Chapter 20: Further considerations when rating Flashcards
Primary function of rating structure
To categorise policyholders into broadly similar, homogenous risk groups, so that premium rates are appropriate to the relevant risk of each sub-group.
This reduces the likelihood of anti-selection
When creating new rating structures, what may they be based on?
- subjective views - adopt new rating factor immediately without collecting the data
- detailed analysis - collect as much information as possible on new factor before implementing
Requirements of good rating factors
- define the risk clearly
- do not correlate too closely with other rating factors
- are practical to obtain and record
- are objective
- are verifiable and preferably factual
- are acceptable to the policyholder
- are non-manipulable
- are acceptable to the market
- are allowed by the regulator
Good rating factor requirements:
Define the risk clearly
In quantitative terms, the rating factor should be correlated with the expected claims
Good rating factor requirements:
Not correlated too closely with other rating factors
This ensures they add value to the underwriting process. We should choose each additional rating factor to remove as much of the residual heterogeneity as possible
Good rating factor requirements:
Objective
This avoids disputes between the policyholder and insurer over the truth of the information provided.
Good rating factor requirements:
Verifiable and factual
This helps prevent fraudulent behaviour
Good rating factor requirements:
Acceptable to the policyholder
Otherwise, the insurer may lose potential customers or renewals. E.g. requiring genetic test results to be disclosed might be unacceptable
Selection of rating factors
An ANOVA can be undertaken to help determine the rating factors. Might be a one-way, two-way or multivariate analysis (GLM). The allowance for correlations between factors depends on the approach taken.
Too many rating factors can be expensive and unpopular with customers and brokers.
Why might the premium actually charged differ from the office premium?
- to meet business objectives
- to maintain market share in highly competitive markets or in certain market conditions (e.g. the soft phase of the insurance cycle)
- if it is difficult to establish the technical premium
- if insurers can charge certain loyal customers more (inertia pricing)
- if the market does not accept different premiums (e.g. between new business and renewal premiums)
- where no-claims discounts apply
Why might it be difficult to establish the technical price?
In some classes, experience is extremely volatile and significant judgement is needed in pricing the business. In these classes, it is more likely for the price to be market supply and demand driven rather than precisely reflecting the underlying risks.

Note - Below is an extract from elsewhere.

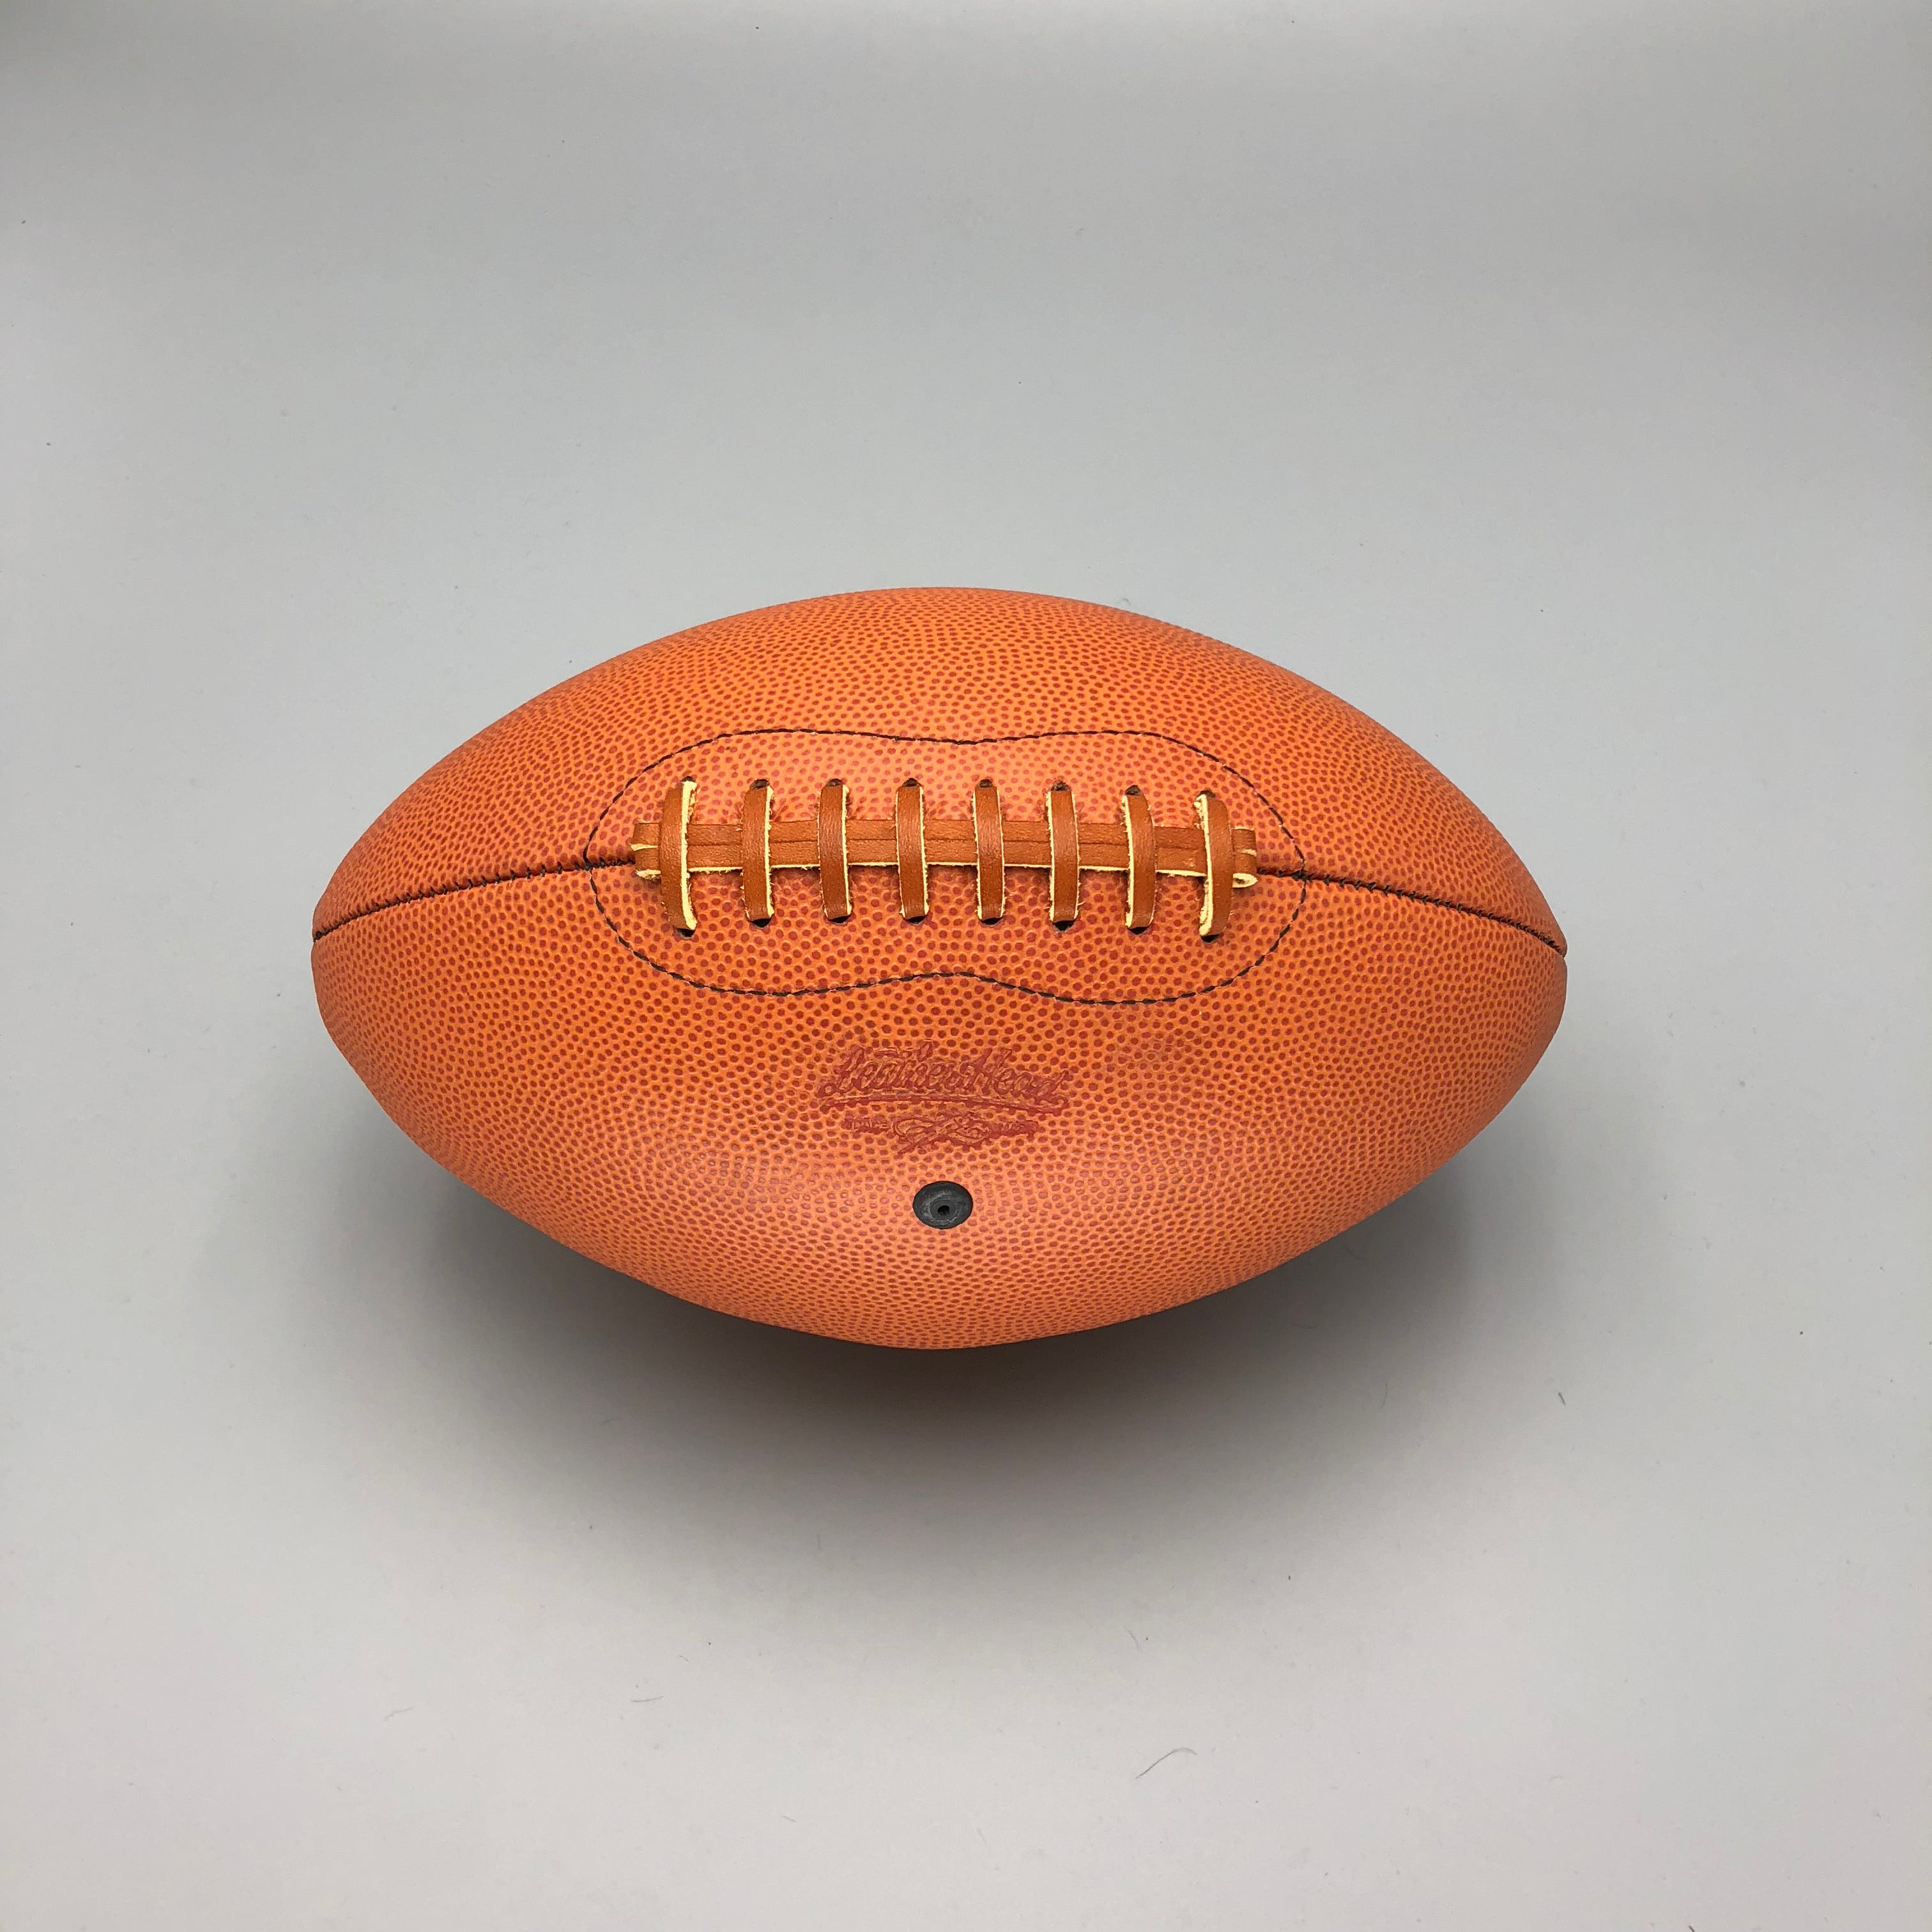 Pro-Series football in Horween basketball Leather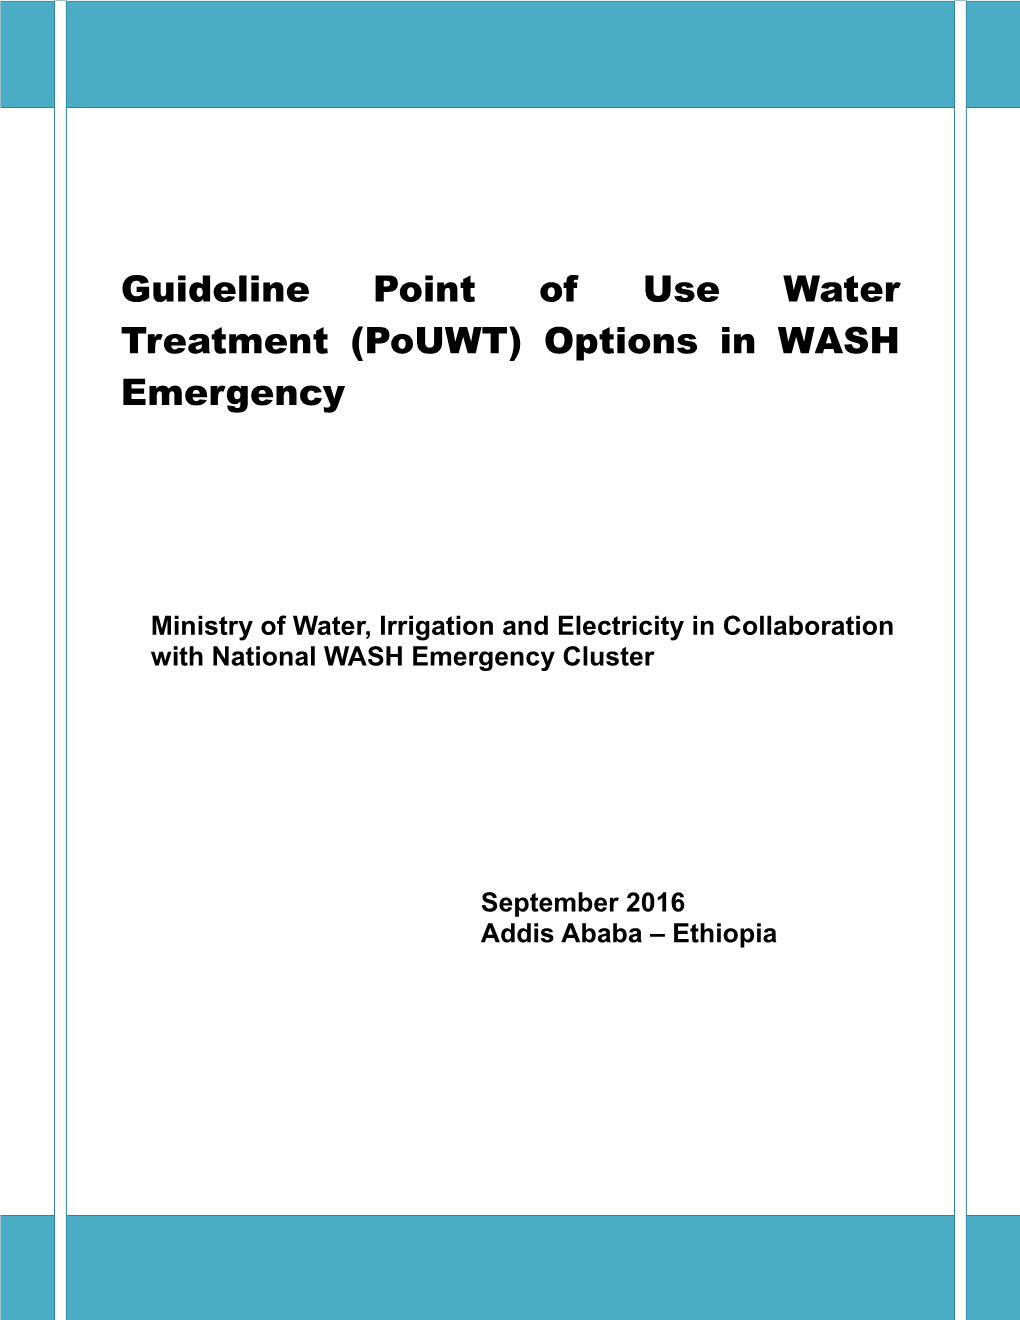 Guideline for Point of Use Water Treatment (Pouwt) Options in WASH Emergency

Other influences on rating
- the availability of capital to support new business
- the impact of reinsurance capacity
- the sophistication of sales and quotes systems
- the demands of regulators in the rating area
- relationship with particular distributors or brokers
- differences between the “direct” approach and the traditional routes (methods of sale)
What factors other than the premium may influence a policyholder when deciding whether or not to renew the contract
- the level of service
- the policy conditions
- the reputation of the company
- the ability to pay out claims
- the reluctance to pay out claims
- any loyalty discounts
- any advertising campaigns
- inertia
- payment method
Experience rating system
A rating system in which the premium for each individual risk depends on the actual claims experience of that risk.
Can be applied prospectively or retrospectively, using claim numbers or claim amounts
Prospective rating
The premium at the renewal date depends on the experience of the risk prior to that renewal.
The insurer takes on all the underwriting risk in such an arrangement because the policyholder pays a premium for the upcoming risk period and the premium for that period cannot be increased if claims experience is poor.
The premium can only be increased for the next risk period.
Retrospective rating
The premium for the current policy period is adjusted, based on the experience of that period of risk. A deposit premium, paid at the inception of the policy, will usually be followed by an adjustment premium or a refund at the end of the period, depending on the claims experience during the risk period.
Uses the experience during the exposure period as a rating factor. The underwriting risk to the insurer is reduced.
Number-based system
The premium adjustments are based on the number of claims paid in respect of the policyholder, and the amounts of the claims are ignored.
Bonus-malus system
Type of NCD system in which the premium paid by the policyholder after a claim has been made may be higher than the original premium paid when the policholder first took out the policy.
Cost-based system
The premium adjustments are based on the total amount of claims incurred in respect of the policyholder over a defined period.